Profile of Cosa Nostra boss Calogero Vizzini


By Angelo Carmelo Gallitto
Posted in 2003

Calogero Vizzini was born on July 24, 1877 in Villalba, in the Sicilian province of Caltanissetta. This edge of middle Sicily, known as “Vallone”, was a sour and poor area, where people lived off subsistence agriculture. The father of Calogero was a farmer, and his brothers Giovanni and Giuseppe were both priests, Giuseppe became the bishop of Muro Lucano.

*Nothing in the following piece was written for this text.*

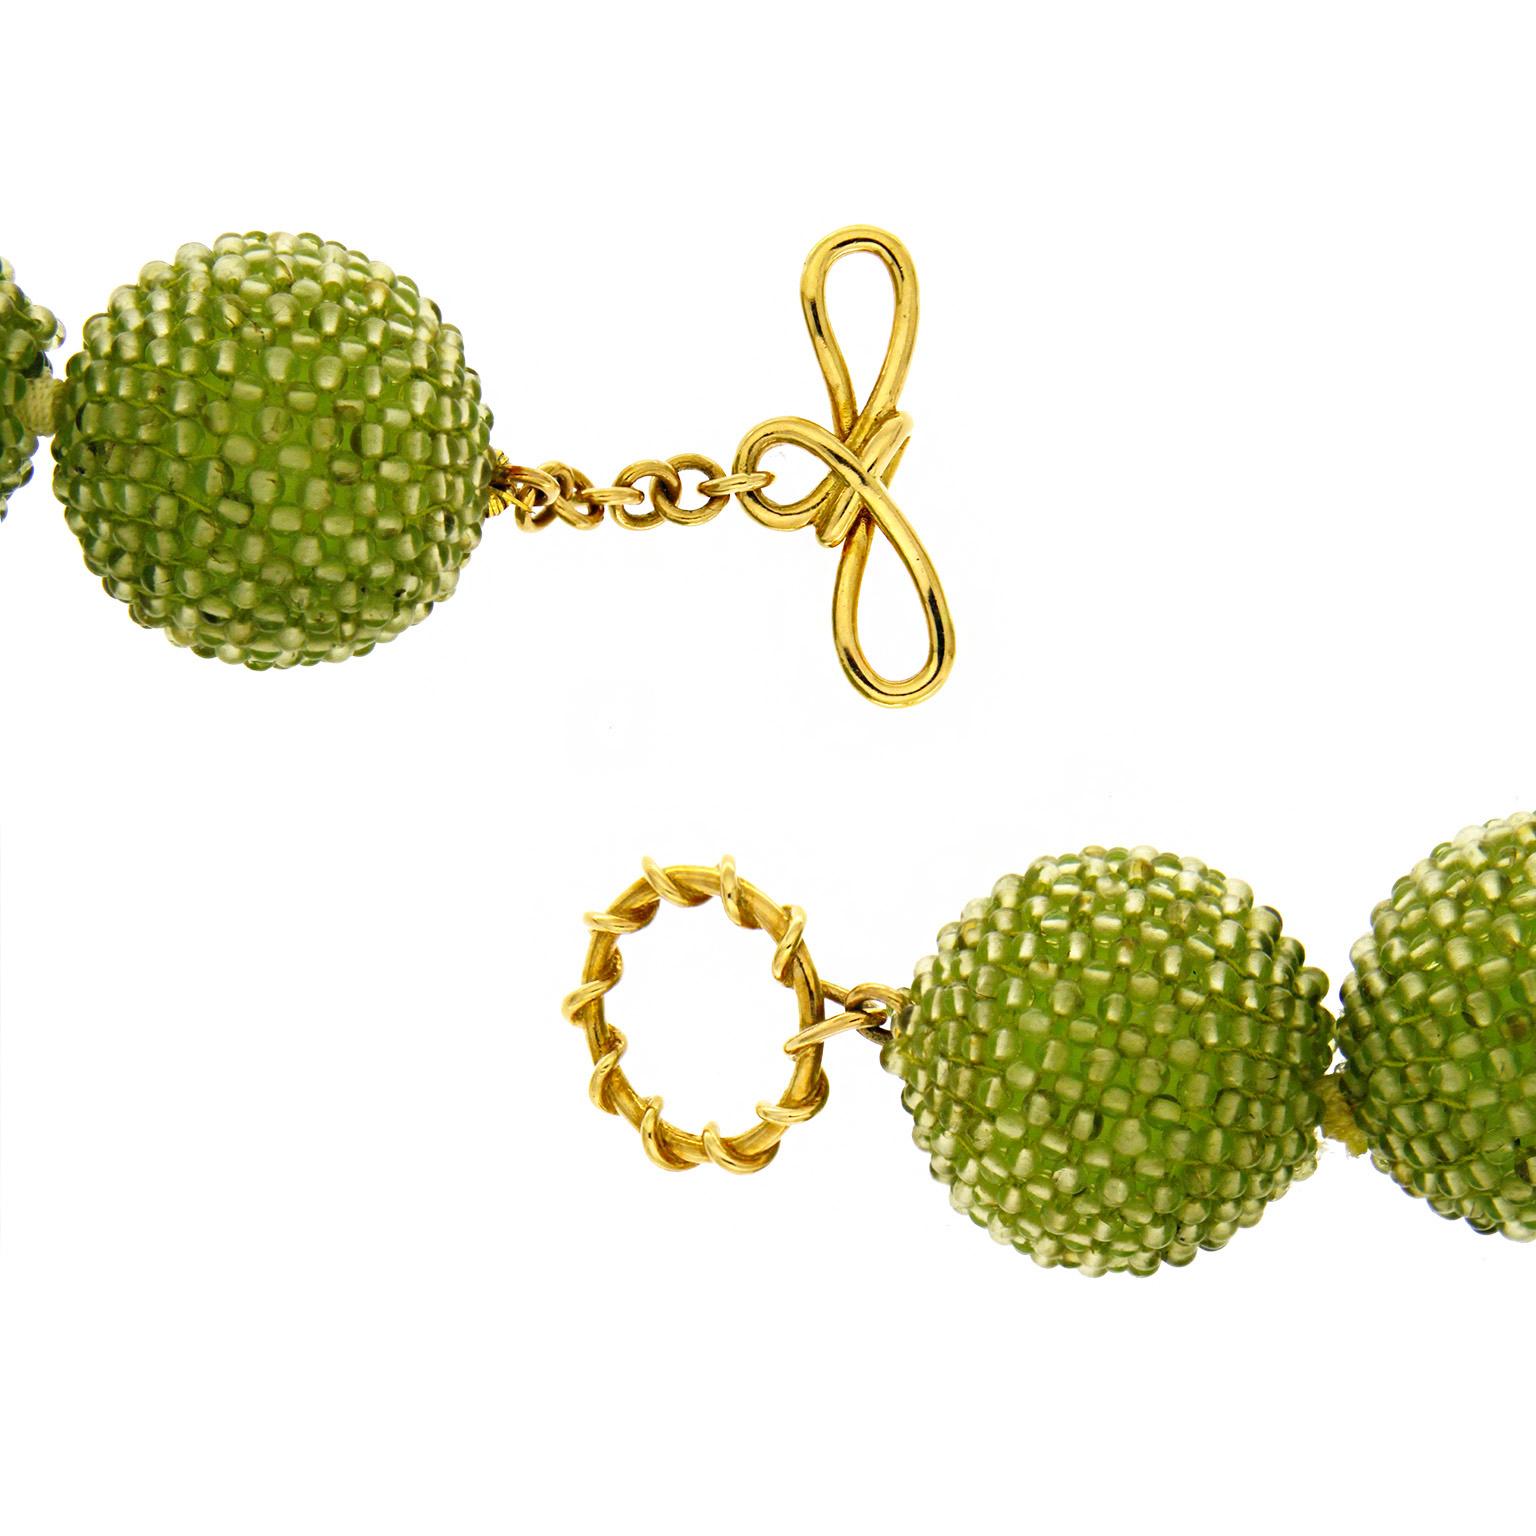 Bead Valentin Magro Large Peridot Gold Woven Ball Necklace

Calogero, however, was semi-illiterate and didn’t finish the elementary studies. He was under protection of Francesco Paolo Varsallona, a fugitive criminal, reputed “man of honour”, who made a living by extorting large landowners and bandits, around the lands of the village; he supplied manpower to nobles in order to repress farmers’ revolts. When Varsallona was arrested in 1903, the young Vizzini was already a real “gabellotto”, in friendship with barons and marquises, and he was going to climb Honoured Society’s ranks.

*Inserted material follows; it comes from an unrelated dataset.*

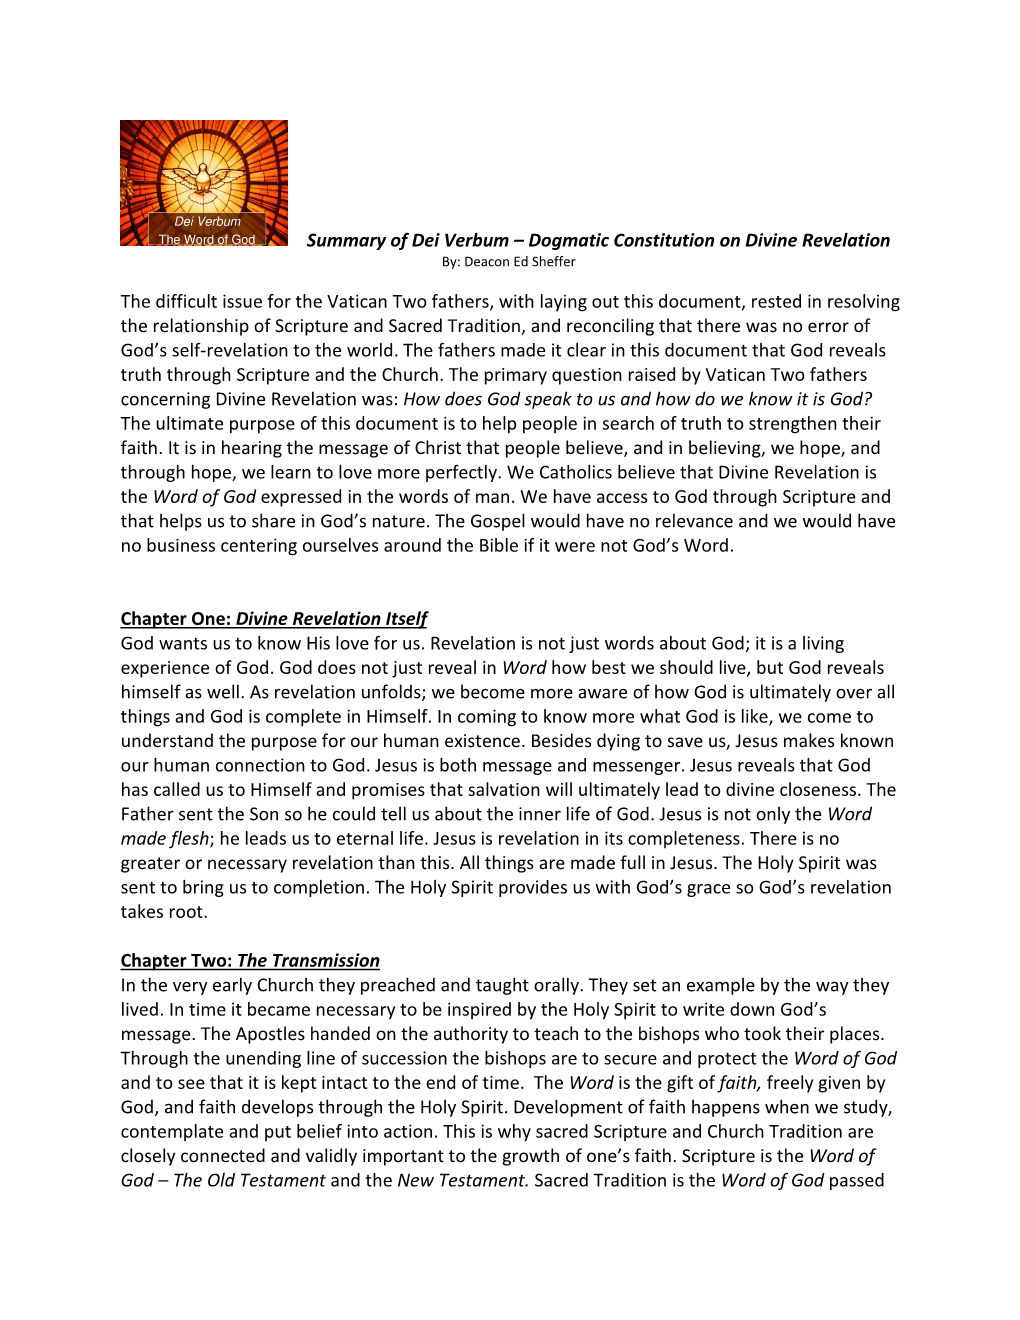 Summary of Dei Verbum – Dogmatic Constitution on Divine Revelation By: Deacon Ed Sheffer

In 1917, he was sentenced to 20 years in first level for fraud, corruption and murder, but he was absolved thanks to some friends who exculpated him. He was becoming richer and richer, and in 1919 he already owned a lot of fields, shops and sulphur mines. In 1931, during the Fascist dictatorship of Mussolini, he was banned from Sicily for a few years because he was a suspected member of the mafia; according to police he was involved in several crimes and he had connections with other Sicilian bosses and also around United States. He returned to Villalba in 1937, received and respected by the entire village. In 1943, Calogero Vizzini drove the American army, ran by Charles Poletti, from Gela to Caltanissetta; most of the soldiers had Sicilian origins and they knew the local dialect. Vizzini was designated mayor of Villalba because of his help, and a lot of bosses were released from prison; that was the end of the Fascism and the new rise of the mafia.

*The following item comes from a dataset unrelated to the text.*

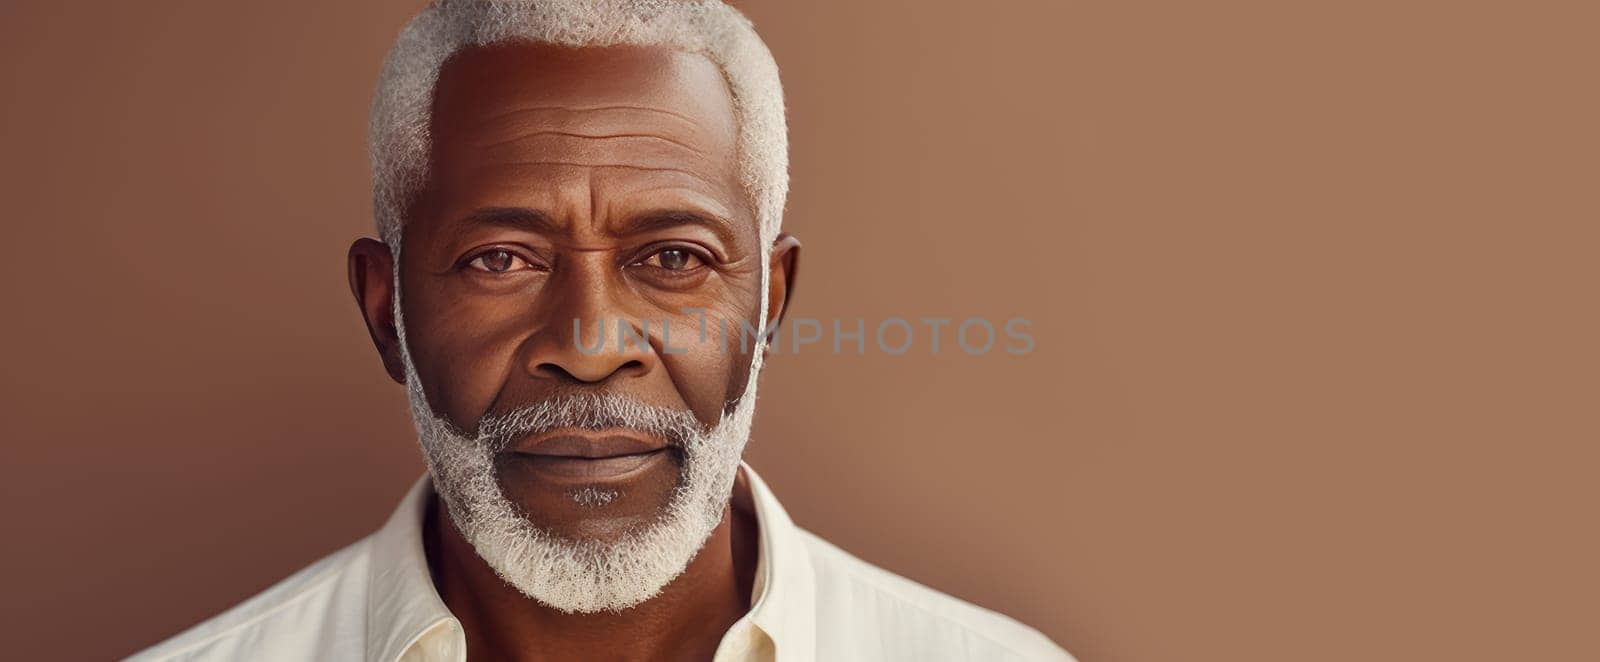 Handsome elegant, elderly African American man, creamy beige background, banner, close-up, copy space. Advertising of cosmetic products, spa treatments, shampoos and hair care products, dentistry and medicine, perfumes and cosmetology for senior men.

In 1949 Vizzini and Italian-American boss Vito Genovese opened a factory in Palermo, which police suspected was a cover for heroin trafficking. Later he was photographed with Salvatore “Lucky Luciano” Lucania in front of a Palermo hotel. His tentacles reached all around the United Stated. In Philadelphia, where he was in friendship with the future family boss Angelo Annaloro, known as “Angelo Bruno”, born in Villalba. He died on July 10, 1954, hundreds of people took part in his funeral, included Mussomeli boss Giuseppe Genco Russo.